As for chemotherapy patients, getting an oral health exam before cancer treatment is just as important. Again, the mouth contains bacteria and if your body’s immune system is compromised by the drugs used to fight the cancer cells, it can’t fight off infection as well as it used to. Consequently, a previously asymptomatic infection in the mouth may become significantly more severe (and sometimes even life-threatening).

In fact, your dentist can offer a great deal of help and support before, during and after cancer treatments or chemotherapy. Oral complications depend on the drugs used, the dosage, the degree of dental disease, and the use of radiation, but dentists can help you manage and prevent oral complications like mucositis, xerostomia or salivary gland dysfunction, neurotoxicity, radiation demineralization and radiation caries, bleeding, tissue fibrosis and etched enamel.

Dental Clearance for Medications

There are also some medications, such as bisphosphonates, which a doctor will ask for dental clearance prior to prescribing as well. Bisphosphonates are often used in osteoporosis patients to decrease the rate of bone loss which occurs in their skeleton.

In this case your physician will want to know if there is any anticipation that you could require a tooth extraction in the near future because there is a significant risk of osteonecrosis of the jaw (essentially bone death) when extractions are performed on a patient who takes this type of medication (particularly via an IV route). The reason is that while your body is recovering from an extraction there is a normal healing process where the defective parts of the bone are broken down by the body, but bisphosphonates make this process less efficient and the dead bone can’t be cleared away.

Letting Your Dentist Know

Even if you don’t require dental clearance for an upcoming surgery or procedure, it’s a good idea to let your dentist know about your overall health and about any upcoming surgeries. Just as your primary care physician and any specialists sometimes seek information from your dentist about your overall oral health, you should keep your dentist informed about your overall health as well – particularly if you have had surgeries like heart valve replacements or joint replacements.

Sometimes a primary care physician or surgeon will want you to take antibiotics prior to dental procedures which occur AFTER a surgery is over (sometimes for a few months, or other times for the rest of your life) in order to prevent bacteria which is stirred up in the mouth from colonizing on the areas of disrupted blood flow in the body. That’s obviously something your dentist needs to know. That patient would usually take the antibiotic an hour before any dental procedure which is likely to cause bleeding.

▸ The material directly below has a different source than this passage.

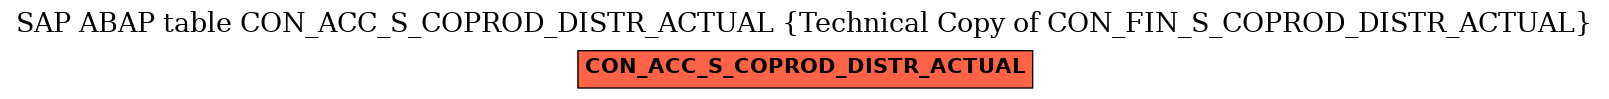 E-R Diagram for table CON_ACC_S_COPROD_DISTR_ACTUAL (Technical Copy of CON_FIN_S_COPROD_DISTR_ACTUAL)

That’s why you have to fill out new patient forms with all of those medical questions and why we sometimes ask you to provide an update to that information when you come in for a routine cleaning and why we might also ask you detailed questions prior to a dental procedure, too.

While the rule of thumb for updating your medical information at your dentist office yearly, please make sure you update your dentist anytime anything changes, too. Changes like new medications you’re taking, upcoming surgeries, worsening allergies, a pregnancy . . . Ah, pregnancy. More about that next time, tooth fans.

Love & Preventing Foreseeable Health Complications,

kristie's signature

Update: Yours truly got quoted! The biggest takeaway from Stephanie Thurrott’s article is that if you know you are going to have surgery, be sure to see your dentist and get your own clearance, even if it’s not required.